From: Marsha Libina (American University of Paris)
Date: Jun 28, 2020

Deadline: Aug 5, 2020

The concept of the simulacrum is most often associated with semiotic and postmodern critique, where it offers critical insight into the autonomous status and value of the signifier. Within this framework, the simulation, or copy, not only constructs its own “more real” version of reality but also displaces the original model. Such formulations of the simulacrum as a subversive and negative concept have a long history: they can be traced back to Plato’s deep mistrust of the phantasmic image, and later in the Middle Ages, to the use of the term to classify false images as idols. And yet, the notion of “simulacra” and the practices associated with it did not always carry negative connotations of falsity, sophistry, and empty likeness -- as they did in ancient and medieval discourse. In the early modern period, we can observe a critical shift in theories of imitation that underscored the positive value of the artistic fiction. Art theorists, humanists, poets, and theologians at once expressed concerns about the potential of simulacra to replicate, supercede, or distort truth, and also generated a rich range of discourses on the use and function of simulacra. The period witnessed a rise in illusionistic games such as trompe l’oeil, anamorphosis, and perspective boxes, the global dissemination of artistic copies of miraculous images and acheiropoieta, as well as debates concerning the relationship between the image and its divine prototype.

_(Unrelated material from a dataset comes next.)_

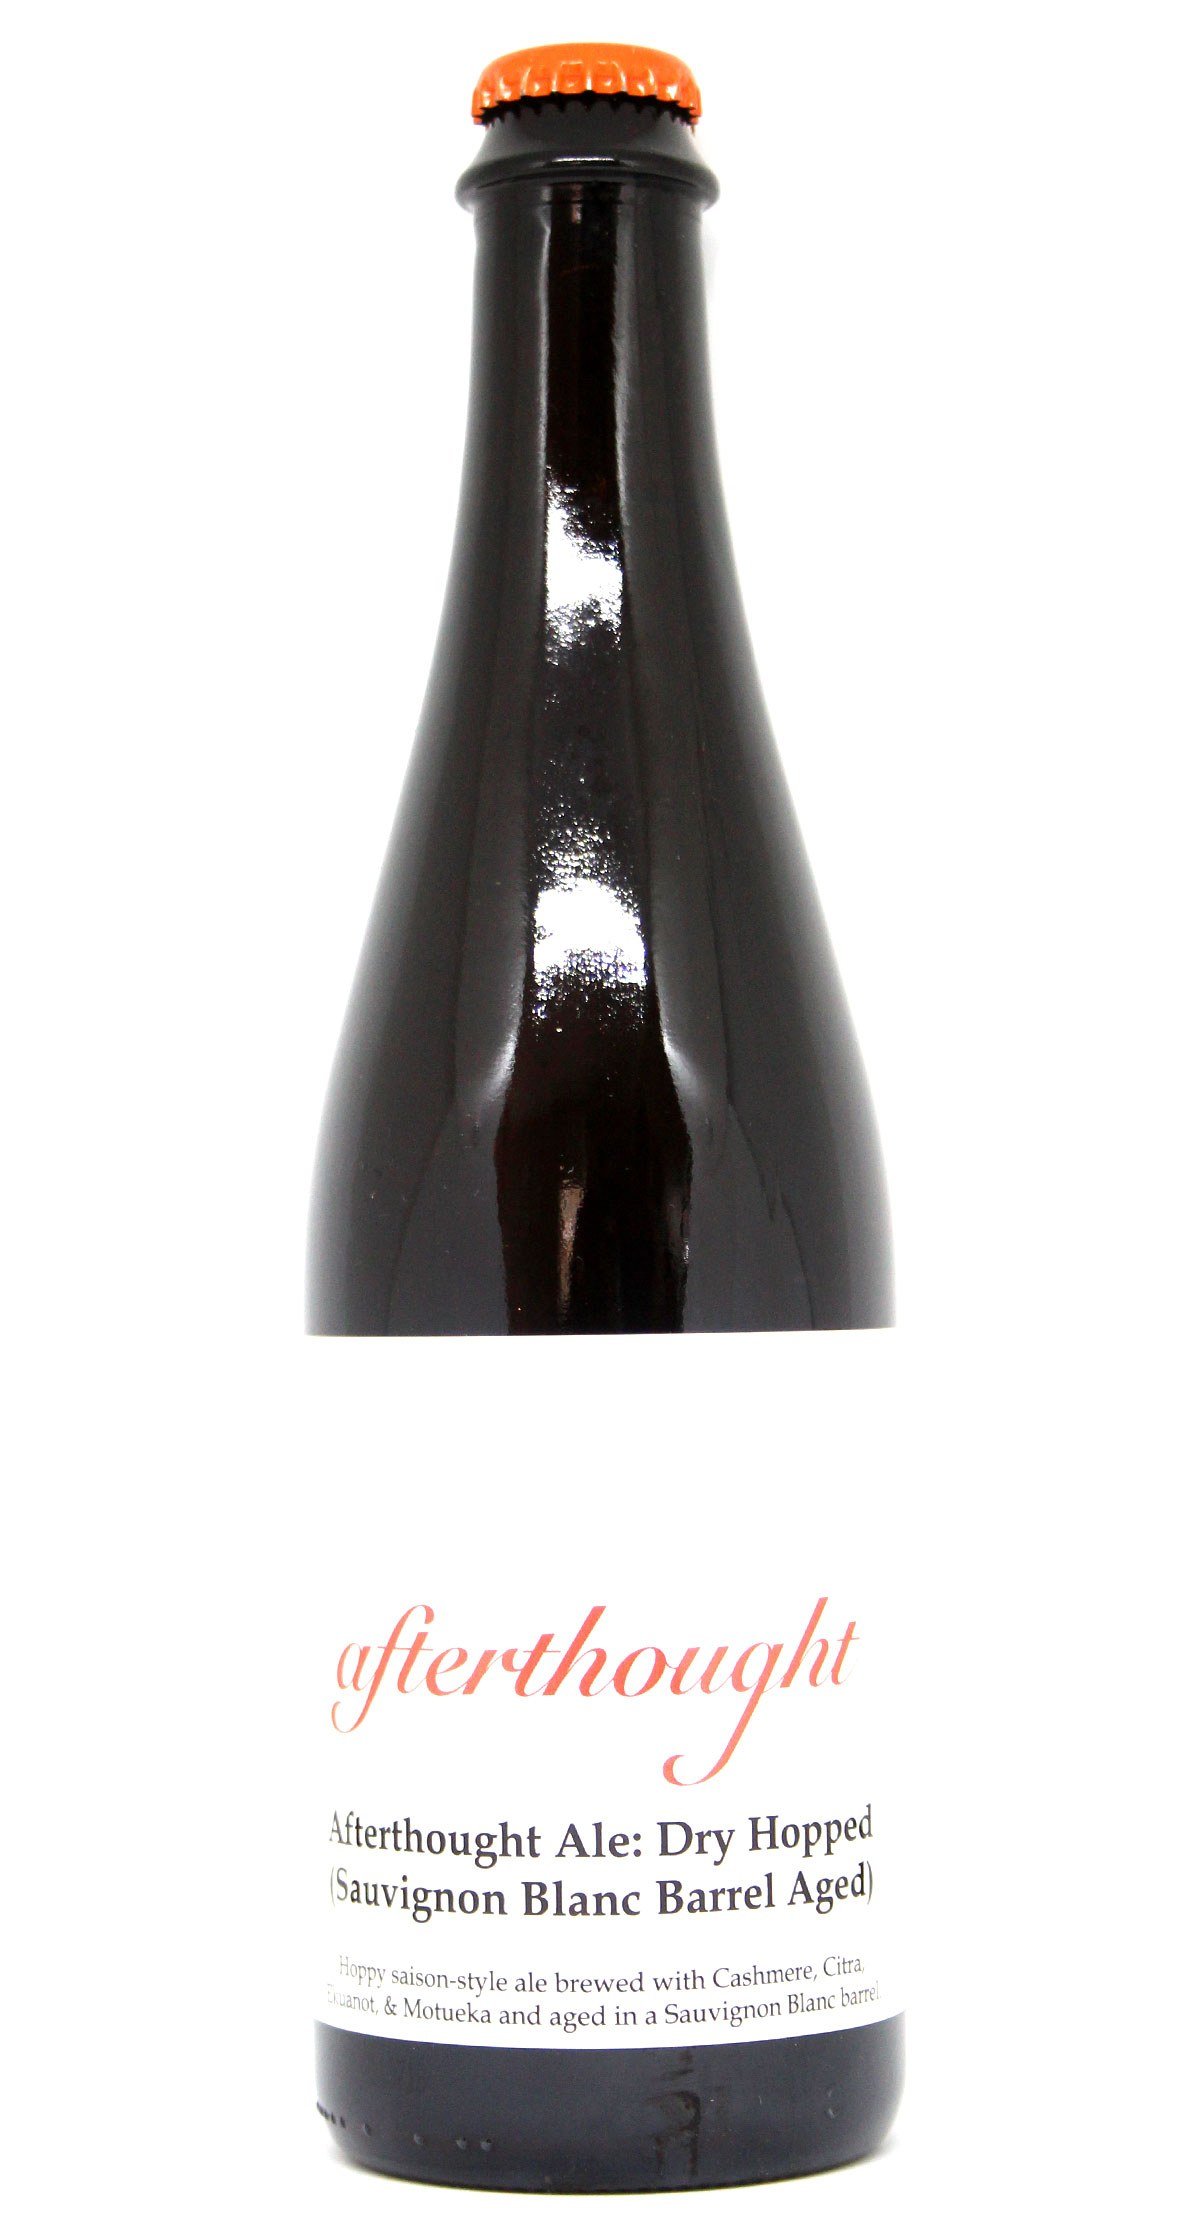 Afterthought Ale: Dry Hopped (Sauvignon Blanc Barrel Aged)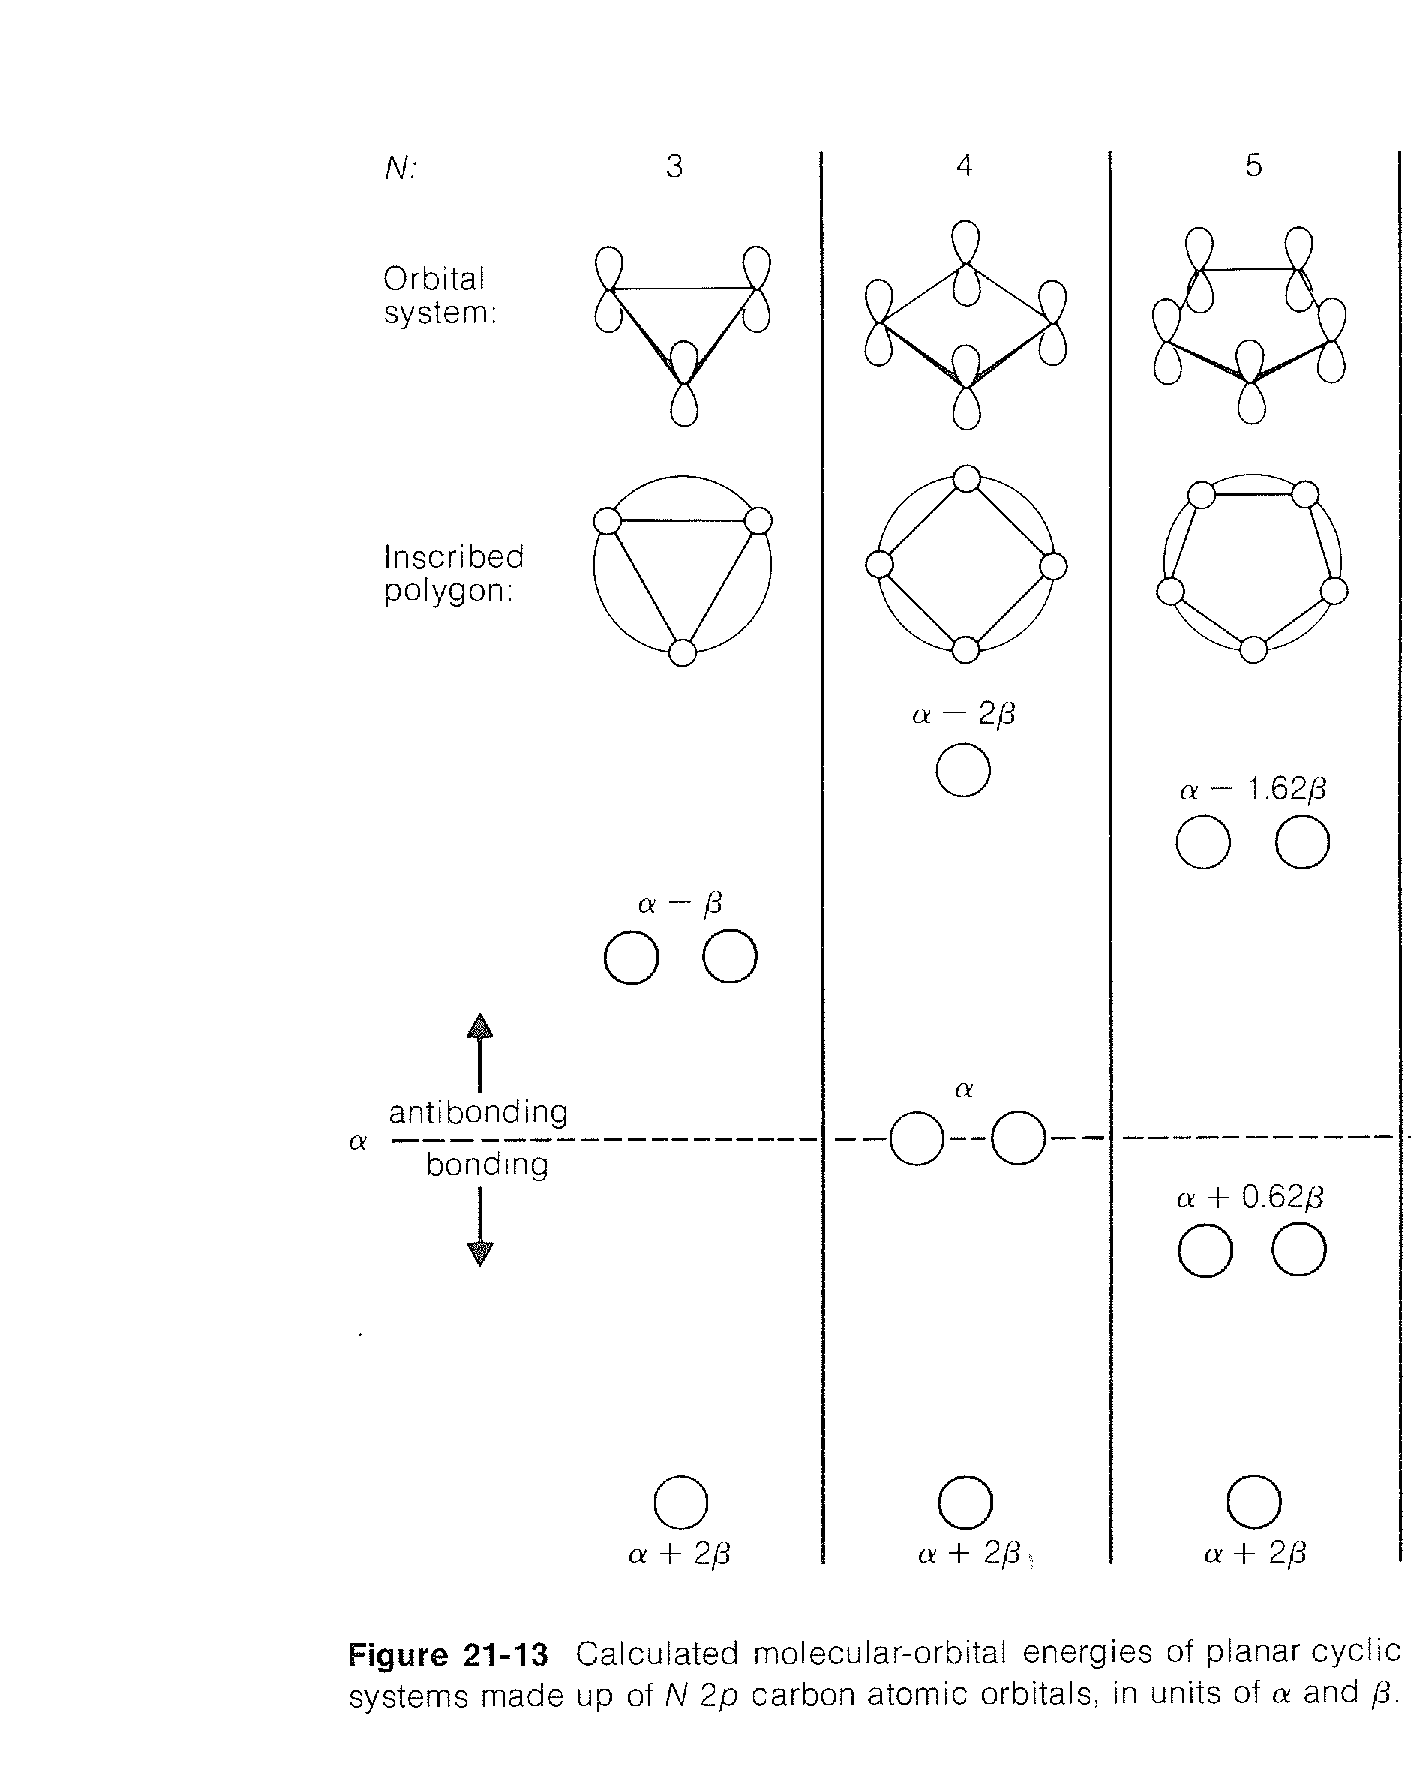 Figure 21-13 Calculated molecular-orbital energies of planar cyclic systems made up of N 2p carbon atomic orbitals, in units of a and fi.

This panel invites submissions that explore the notion of simulacra in art, literature, music, optics, architecture, and other fields in relation to early modern paradigms of imitation. Among other questions, the panel seeks to interrogate the complex relationships articulated between the simulacrum and the real, and to uncover alternative modes of knowledge that simulacra might have offered viewers and readers. One of our aims will be to explore the concern with illusion and simulation outside the common trope of artistic virtuosity in Renaissance and Baroque art. We invite contributions from all disciplines and geographic regions.

Proposals should be for 20-minute papers, and must include a title (15-word maximum), 150-word abstract, relevant keywords, and a short CV (300-word maximum) with your full name, current affiliation, email address, and degree completion date (past or expected). Please submit your proposal to both organizers: Grace Harpster (Georgia State University) and Marsha Libina (American University of Paris) at gharpstergsu.edu and mlibinaaup.edu.